Fature Toggles (2016) - feature toggles is a set of patterns which allows not-yet-ready code to exist in an application, without having any effect. This article describes in a wealth of details usecases, types of toggles, infrastructure support etc. for them.

How to safely store a password (2010) - use a password hash, like bcrypt, scrypt etc. There’s more to it than that, as previous links in this series have highlighted, but a quick reminder is always welcome I think.

The binary search of distributed programming (2015) - is generating a strictly increasing sequence of integers/IDs. Which turns out to be pretty hard, in general. Which tells you a lot about distributed systems - something achievable with a single counter and possibly some locks on a single machine becomes very hard in a distributed setting. The author is also the author of Redis, so he know a thing or three. But the algorithm proposed seems to be broken or at least provide some bad guarantees. In any case, a good read about designing these things and what can go wrong.

Take it to the limit: considerations for building reliable systems (2016) - mainly advice on building distributed systems. This time, having to do with “limits” and enforcing them.

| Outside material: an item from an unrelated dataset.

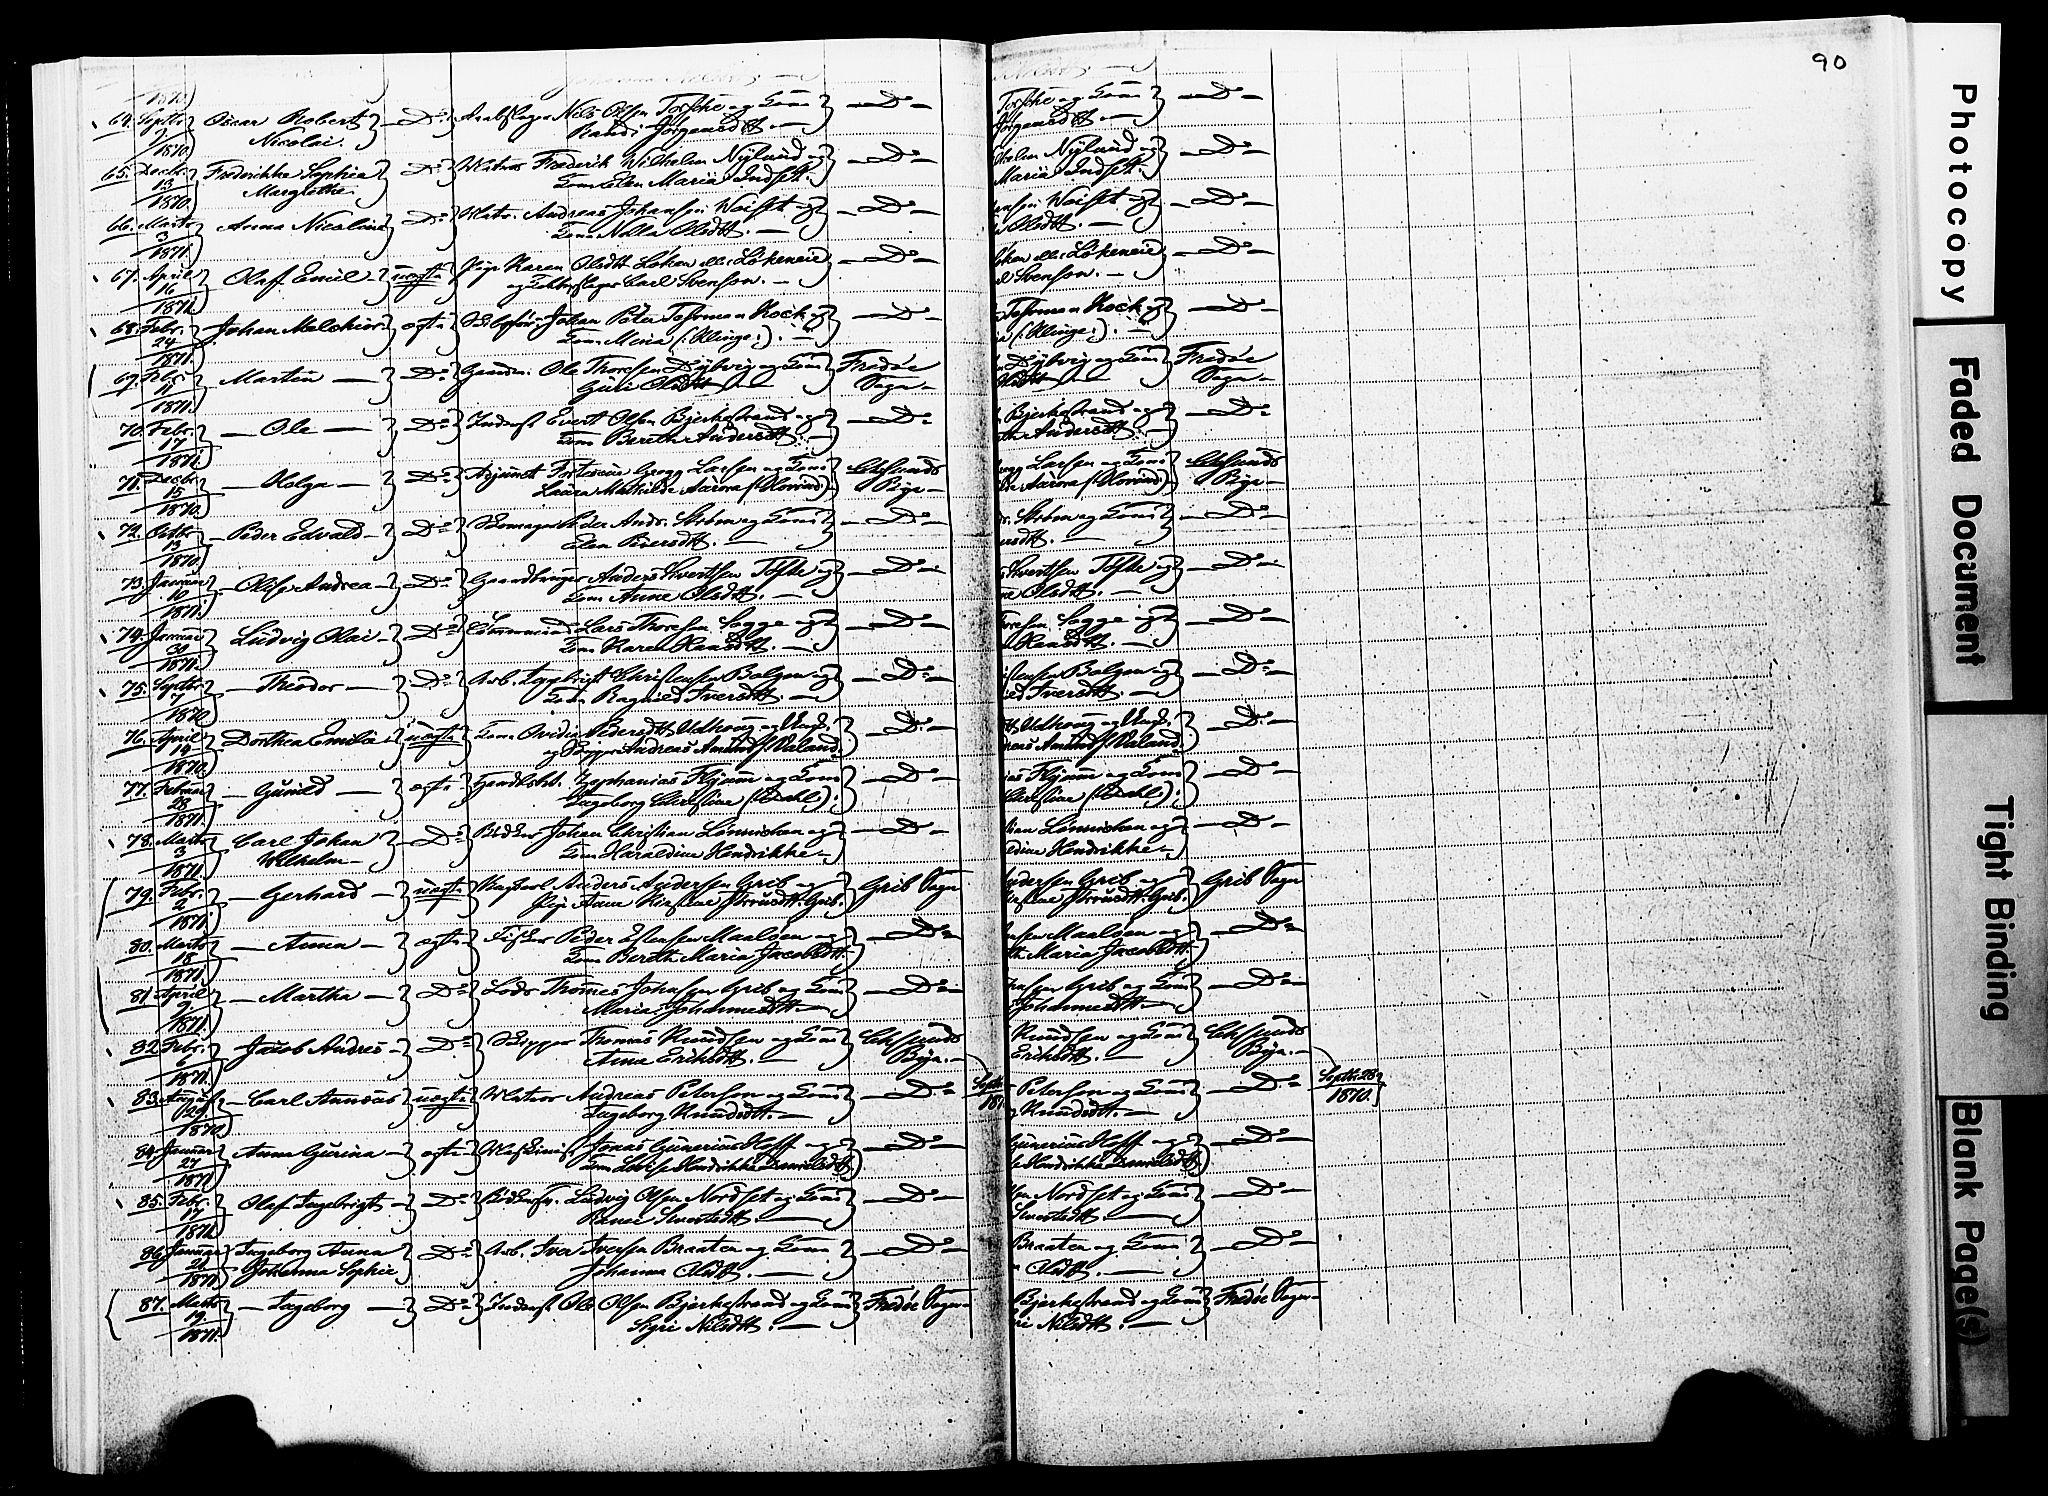 SAT, Ministerialprotokoller, klokkerbøker og fødselsregistre - Møre og Romsdal, 572/L0857: Ministerialbok nr. 572D01, 1866-1872, s. 89-90

Basically, wherever and whenever there’s some quantity in the system which might grow unbounded, you should have hard limits on it. Request sizes, queue depths, items to process, child entities for a parent entity, response sizes etc. should all be limited somehow. This protects against malicious agents trying to DoS the system, but also against your own agents doing the same.

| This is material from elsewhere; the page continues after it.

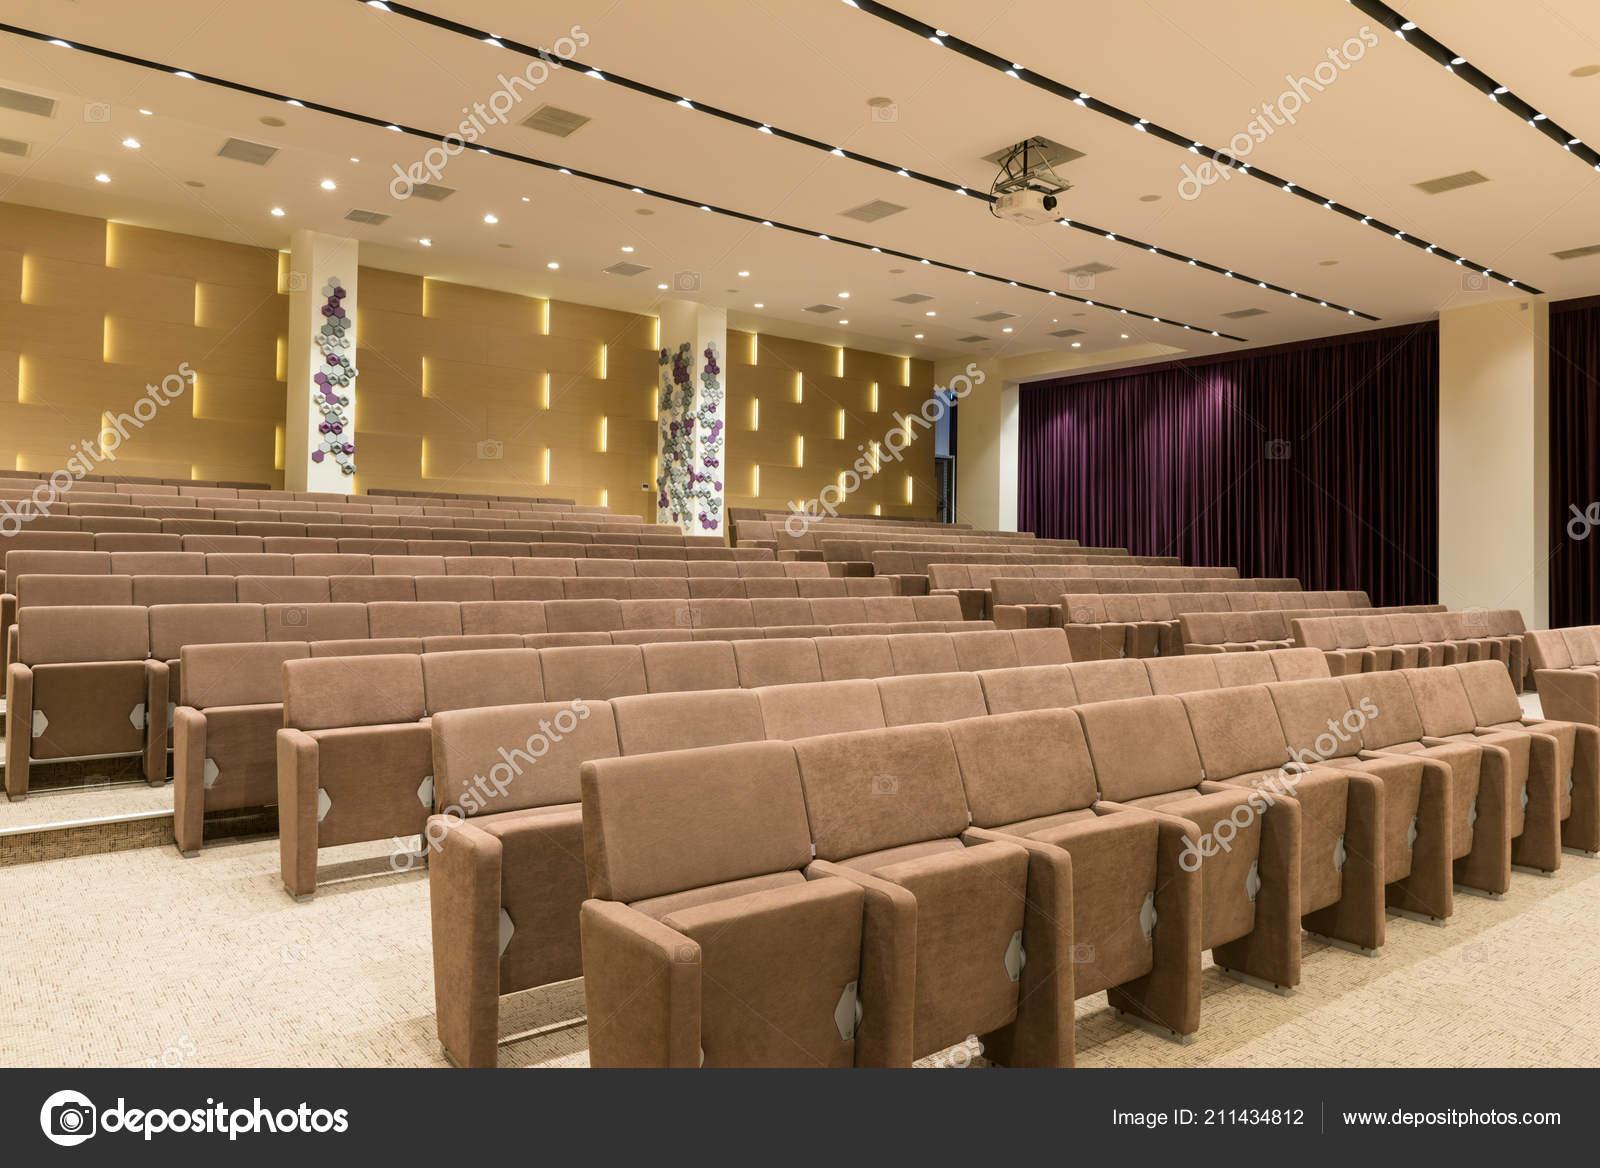 Gros Moderne Vide Salle Réunion Séminaire Conférence ...

A five muntes guide to better typography (2017) - a piece about graphic and typographic design.

Difference between a clustered index see and non-clustered index seek (2016) - a StackOverflow question. There seems to be this misconception that non-clustered indices are slower than clustered ones, since one has to do a seek/scan, then another seek for the data itself. But depending on how large the data is and how compact the non-clustered index manages to be, this might not be the case. Since the first seek/scan might occur completely in memory, or at least touch less pages than the clustered one. Ditto, for counting queries, a non-clustered index might be much faster.

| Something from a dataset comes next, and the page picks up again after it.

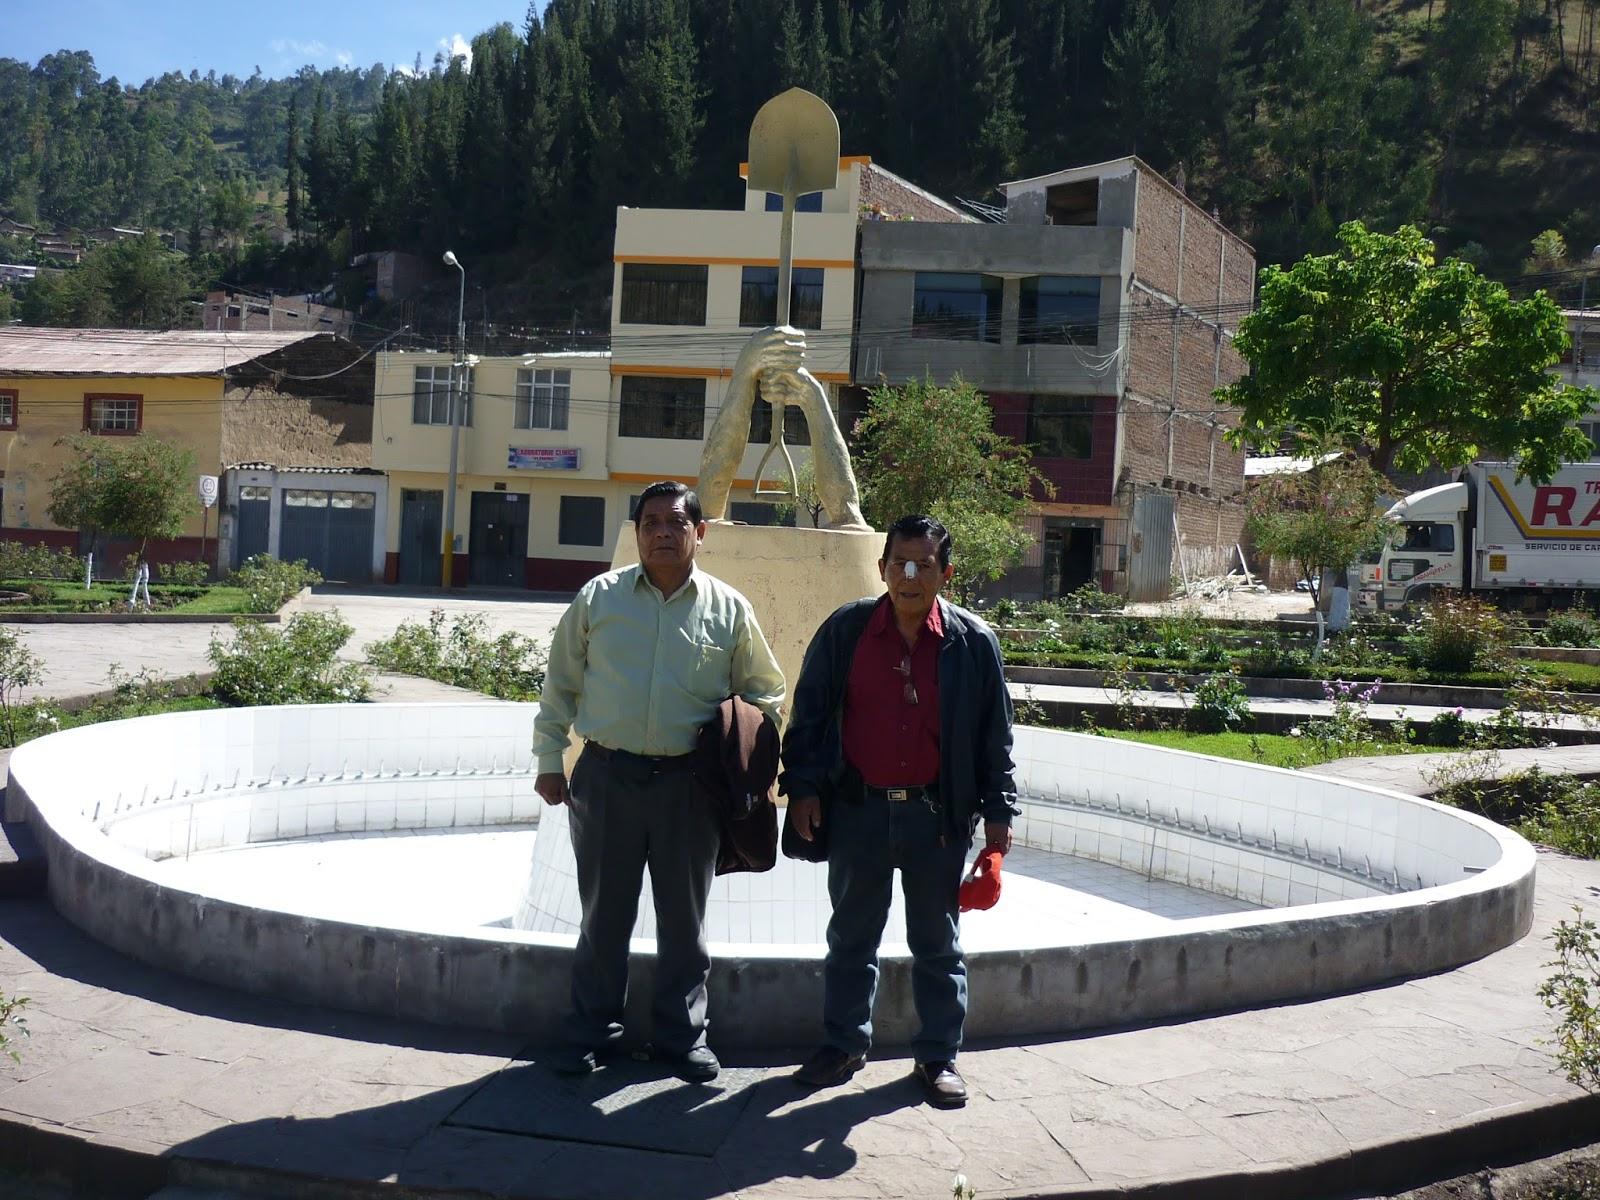 Villa kecca ccecca pueblo querido comuniquen a todos - Contactos cerdanyola del valles ...

The map of mathematics #video (2017), The map of computer science #video (2017), The map of physics #video (2017), The map of chemestry #video (2017) - a really wonderful set of videos laying out the “branches” of the mathematics, computer science, physics and chemestry. It’s a really big picture view, and as the author himself notes, everything is more or less interconnected within and across fields, but it’s still nice to see all of the pieces of knowledge which are somehow distinct enough to be called something. The animation is really great as well.